I had to show my passport. Her surprise knew no bounds. There was a time when people often said the phrase "Where, where – in Karaganda," and so my native city acquired such a jocular connotation.
So there I was born and raised in a believing family, there I finished secondary school, there I became acquainted with the church, which I began attending a year before the army. At the conscription commission I was asked a famous question, which I suspect was asked more often there than in other cities – no, not "where, where, in Karaganda?" – but another one:
– Are you a Komsomol member?
– No.
– A believer?
– Yes!
– To the North! To the rocks!
Thus the Lord, through the hand of the military commissioner, determined my fate. I was sent to serve in the Murmansk region, not far from the city. In my second year of service, I visited a church in Murmansk for the first time. I missed the morning gathering – couldn't find it. Before the evening gathering, I met and became acquainted with the presbyter. He needed to visit a young family to comfort the mistress of the house, who had moved to her husband from southern lands. Since I had nowhere to go, he took me with him. During the conversation, he told her that if not for God's will, he would not have been in Murmansk for already 18 years. (He had come from Ukraine).

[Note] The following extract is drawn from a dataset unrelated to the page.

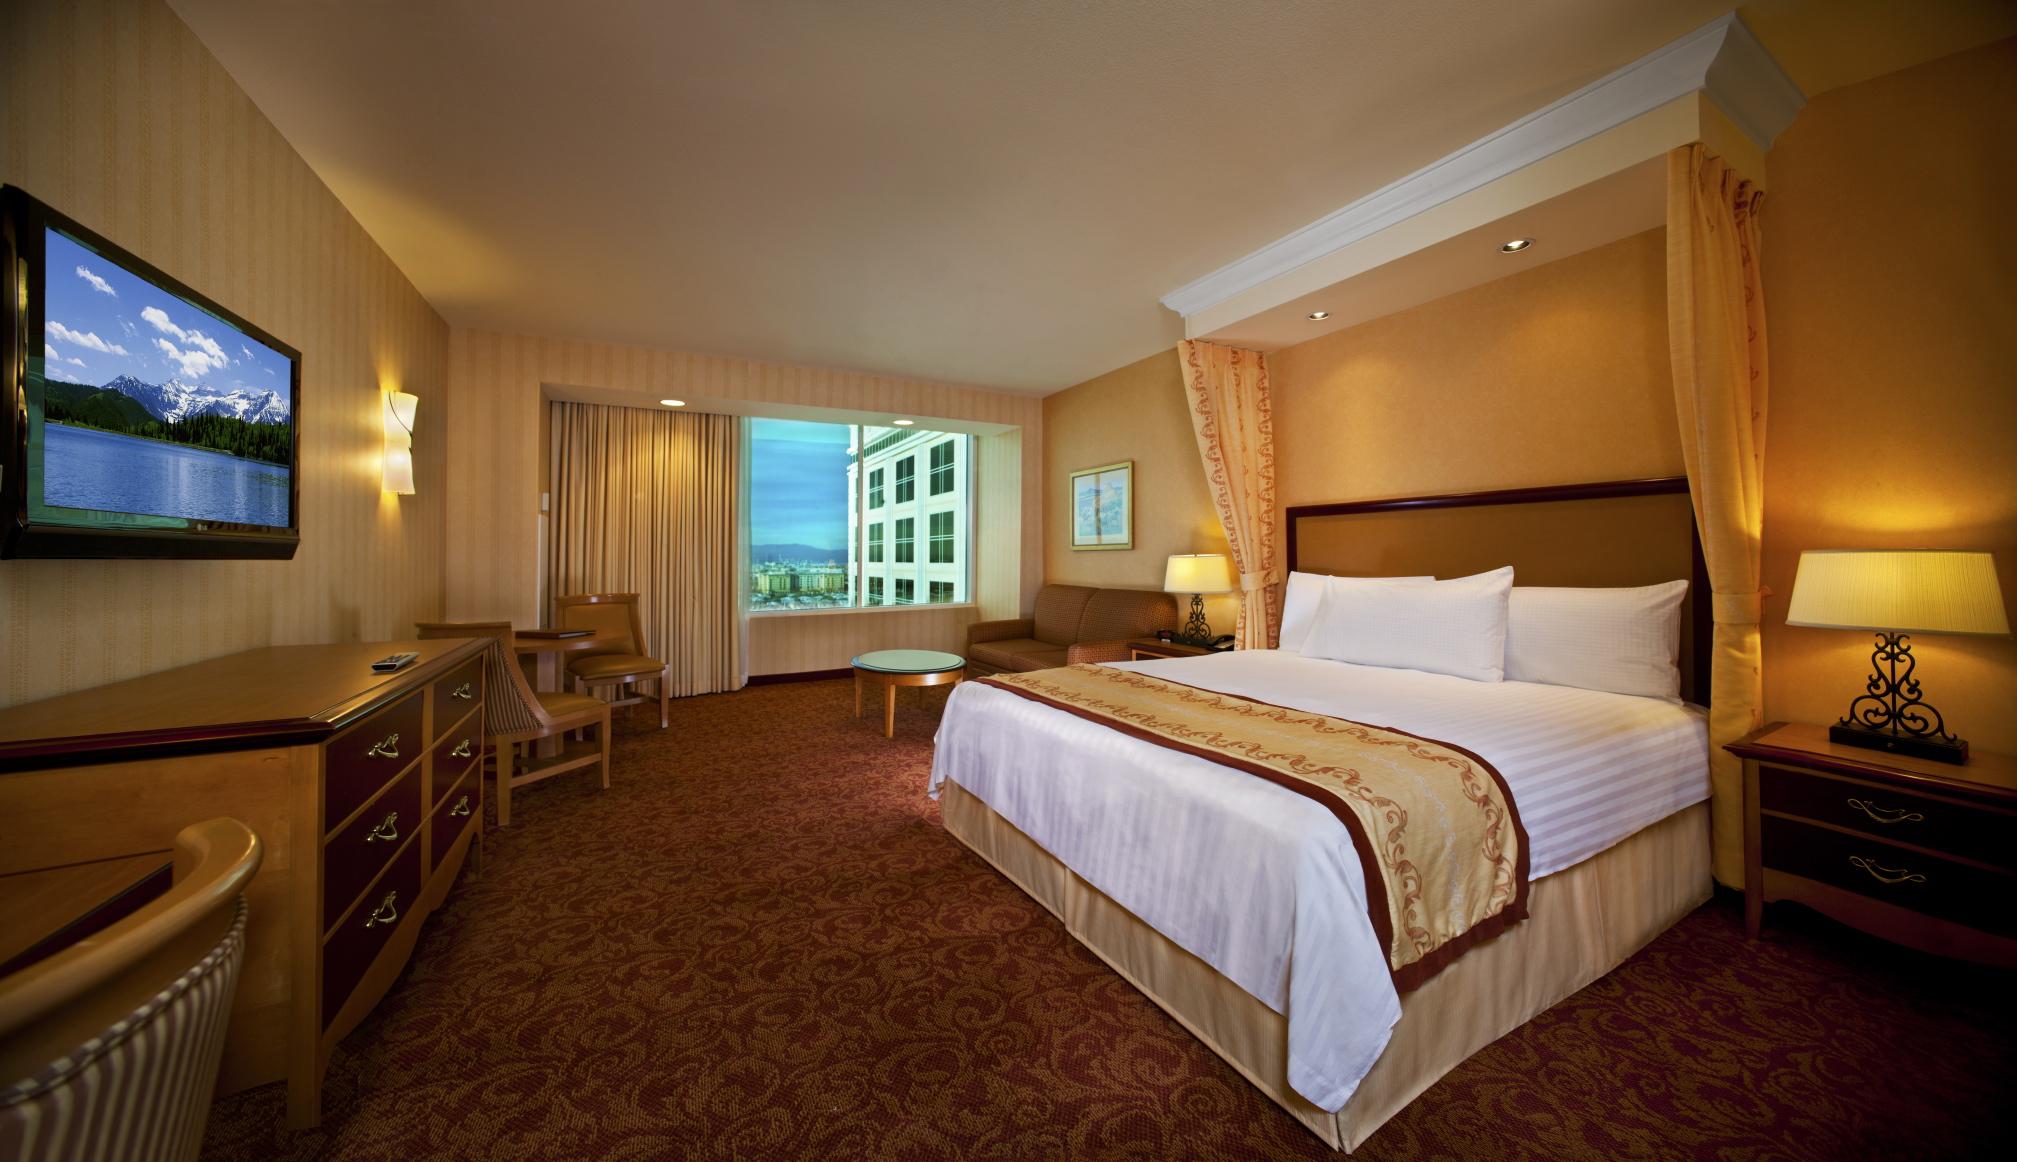 Brunswick Room At South Point Hotel Casino Spa Las Vegas Venue Eventopedia

When these words reached my ear, a thought flashed through my mind: "Perhaps I too should stay here?" I was afraid and quickly dismissed this thought: to stay in Murmansk – that was categorically not in my plans!
Before the army, apart from the Karaganda church, I had been almost nowhere. The church there in the mid-seventies had up to 1500 members. If not such a number, then something similar I expected to see in Murmansk…
We entered a small house, thirty or forty people in the hall and… there came that thought again about staying in Murmansk. In short, I lost my peace: I presented various arguments and "proofs" that I could not stay, I argued and resisted. Two months passed this way. In the end I was defeated and convinced that this was my path, and now here I am. All this happened in 1978. In 1981 I married; we have five children and grandchildren.
I was ordained to the diaconal ministry in 1983, to the presbyterial ministry in 1985.
When you feel that you are in the right place, needed, and serve the Lord – this is great happiness! Glory to God! My boundaries run through beautiful places!